Now the dilemma: our supply side is millions of low-educated, unskilled youth. The demand side requires millions of skilled workers that Pakistan needs as fuel to fire its economic aspirations. We are not ready. The emerging scenarios will be i) businesses will be looking for skilled staff but will not find them, ii) hundreds of thousands of unskilled youth will be unemployed with no options for employment, iii) it will be uneconomical for the industry to train millions of unskilled youth at its expense, iv) the existing public-sector run technical and vocational infrastructure is woefully inadequate and antiquated to deliver the skills needed. We need to get out of this conundrum and fast.

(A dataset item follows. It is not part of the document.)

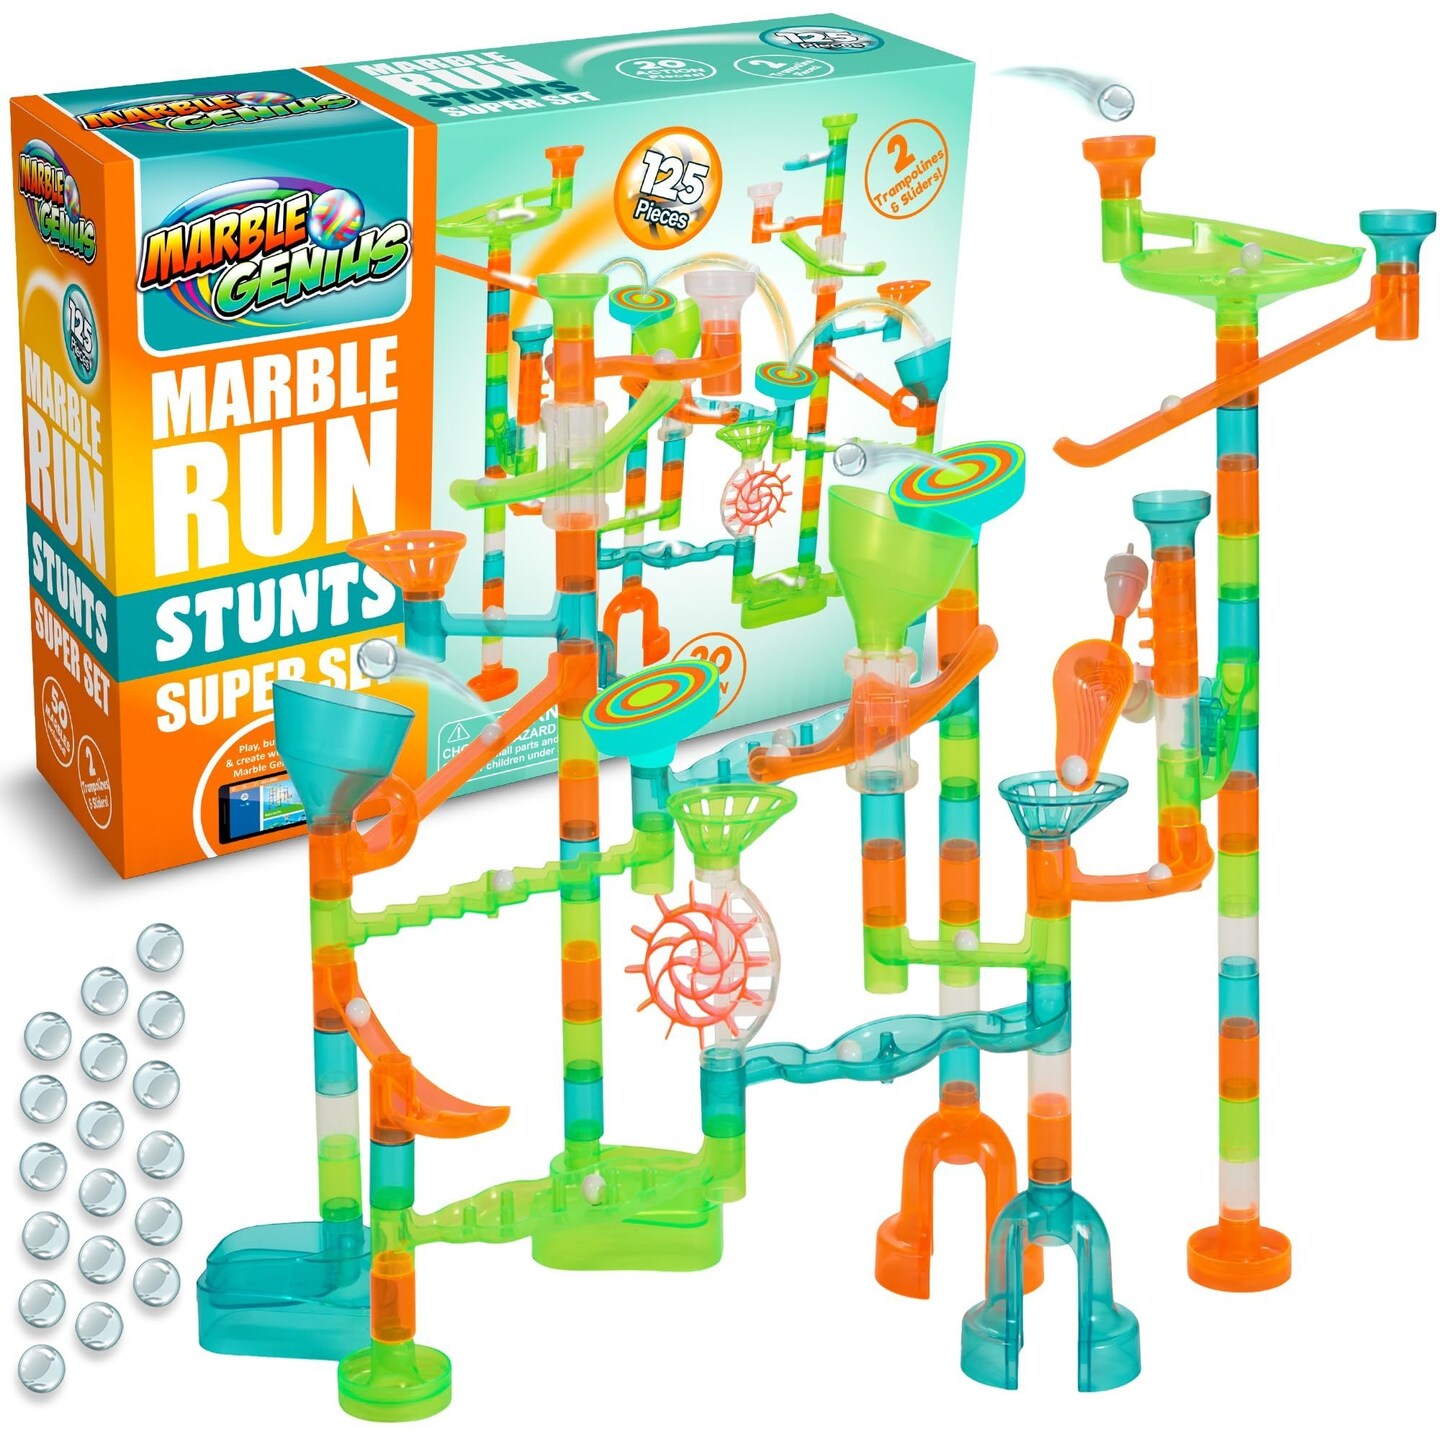 Marble Genius Marble Run Stunts Super Set: 125 Pieces Total, 20 Action Pieces Including 2 New Trampolines, Free Online App and Full-Color Instruction Booklet, Made for Ages 5 and Up

Urgent and radical reforms are needed to fix our technical and vocational education and training (TVET) system. It isn’t rocket science. We have plenty of case studies to learn from, starting with the gold standard systems of Germany and Australia to Singapore, China, India, Philippines, Malaysia and many others. Firstly, the private sector must be incentivized to enter the TVET sector and invest in opening skills training institutes across Pakistan. The federal and provincial governments will never have the resources to make the capital investments needed to make TVET institutes pervasive across the country. Secondly, industry should receive fiscal concessions for investing in skills development. This investment can come in the form of establishment of industry specific institutes or funding the training of youth in TVET sector institutes. Industry engagement is vital because industry employs the youth. Its oversight will ensure that trainings are offered for which there are jobs in the market and the content of the training is in line with the industry needs. More than 60 countries impose payroll tax on companies ranging from 0.5-3%. Others make training investments by companies’ tax deductible. Thirdly, government funding of skills development must be linked to results rather than inputs. The current funding model invests in buildings and other fixed costs regardless of the relevance, efficiency and utilization levels of operations. Governments should only pay against key results, including capacity-to-enrollment ratio, enrollment-to-completion ratio and completion-to-income generation ratio. Fourthly, the structure of the TVET sector needs major overhauling and remodeling. Most federal and provincial government agencies overlap and duplicate functions of standards-setting, certification, testing and registration. Their governance, structures, systems and resource capacities are outdated and cannot guide us in our new skills development journey. Lastly, the higher education system needs to be more selective in terms of its standards and criteria. Most of the youth needs to be guided into the TVET system so Pakistan can produce more technicians to keep our economic machine running. TVET system, however, must have pathways to higher education for the more ambitious young people.
We must declare a national emergency on skills development.
The writer is Jawad Khan, Chief Executive Officer of Punjab Skills Development Fund.